Sponsored

Populasi menua di situasi bencana

Dua pekan sudah bencana banjir dan longsor terjadi di tiga provinsi di Sumatera, tepatnya di Provinsi Aceh, Sumatera Utara, dan Sumatera Barat. Korban jiwa maupun materi terus bertambah. Data terbaru dari Badan Nasional Penanggulangan Bencana (BNPB) pada Kamis, 9 Desember 2025, pukul 18.30, korban meninggal tercatat telah mencapai 964 jiwa, sebanyak 262 jiwa masih dinyatakan hilang, dan korban luka sebesar 5,000 orang. Tidak hanya memakan korban jiwa, banjir dan longsor juga menyebabkan kerusakan parah pada jalan, jembatan, fasilitas umum, fasilitas kesehatan, fasilitas pendidikan, dan rumah ibadah. Banyak wilayah yang menjadi sulit dijangkau karena akses menuju lokasi yang rusak parah dan masih dalam kondisi banjir. 

Sponsored

Dari sekian banyak korban jiwa, terluka maupun yang harus mengungsi, penduduk lanjut usia (lansia) menjadi salah satu kelompok yang paling terdampak.

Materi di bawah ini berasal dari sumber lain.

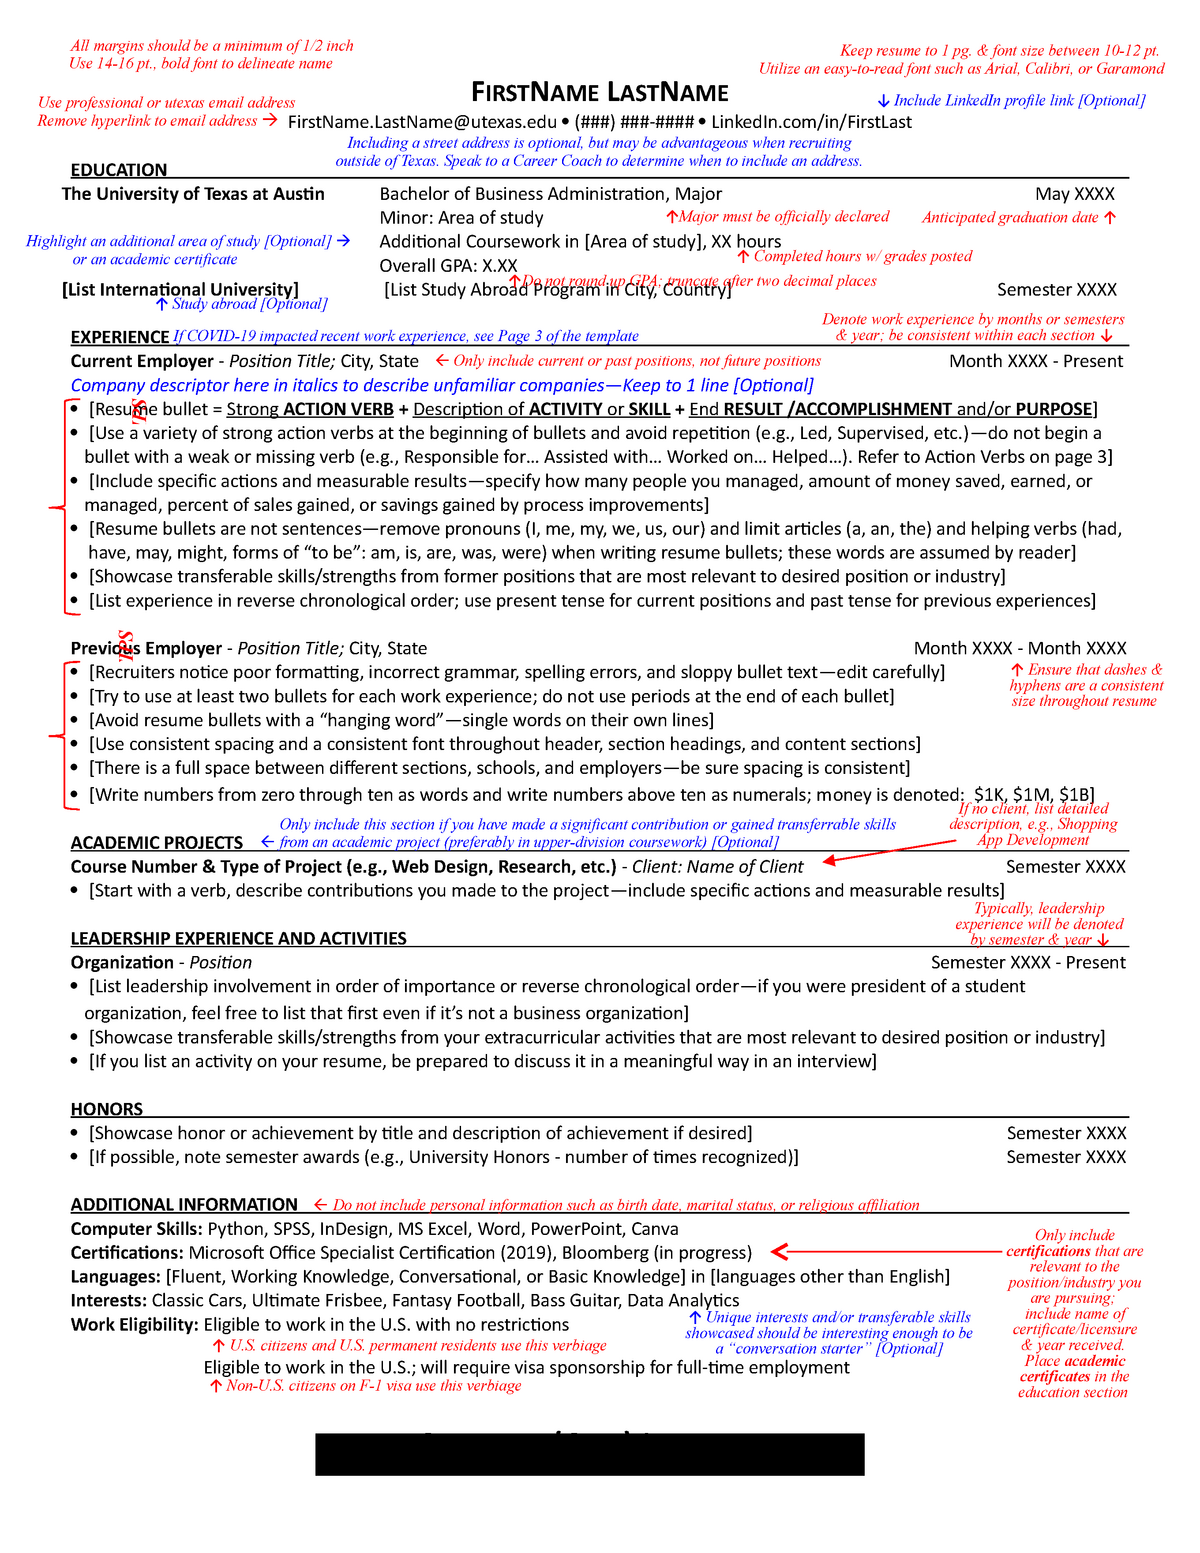 Recruit Mc Combs BBA Resume Template FIRSTNAME LASTNAME FirstName

Ini terlihat juga dalam bencana banjir dan longsor di Sumatera. Misalnya, di satu berita media daring Kompas pada 2 Desember 2025, disebutkan bahwa korban jiwa di Kota Medan mayoritas adalah lansia. Selain itu, terdapat tiga wisatawan Malaysia yang merupakan lansia ditemukan di Aceh dalam kondisi meninggal (sumsel.antaranews.com). Proses evakuasi yang masih berlangsung banyak didominasi oleh lansia selain dari anak-anak karena kesulitan untuk segera menghindar bencana banjir longsor. 

Karakteristik Lansia yang Rentan terhadap Bencana

Dalam situasi bencana, lansia memiliki memiliki keterbatasan baik secara fisik untuk dapat segera menghindar dari bencana yang datang tiba tiba. Seperti yang dinyatakan oleh Ehren B Ngo (2012), lansia memiliki kerentanan, baik secara fisik, ekonomi, dan sosial sehingga berakibat pada kerugian dan kesulitan yang lebih besar dalam pemulihan pasca bencana. Belum lagi terkait dengan kondisi psikologis lansia, mereka cenderung menunjukkan kesehatan mental yang lebih rentan dibandingkan dengan penduduk yang lebih muda (Rafiey dkk., 2016).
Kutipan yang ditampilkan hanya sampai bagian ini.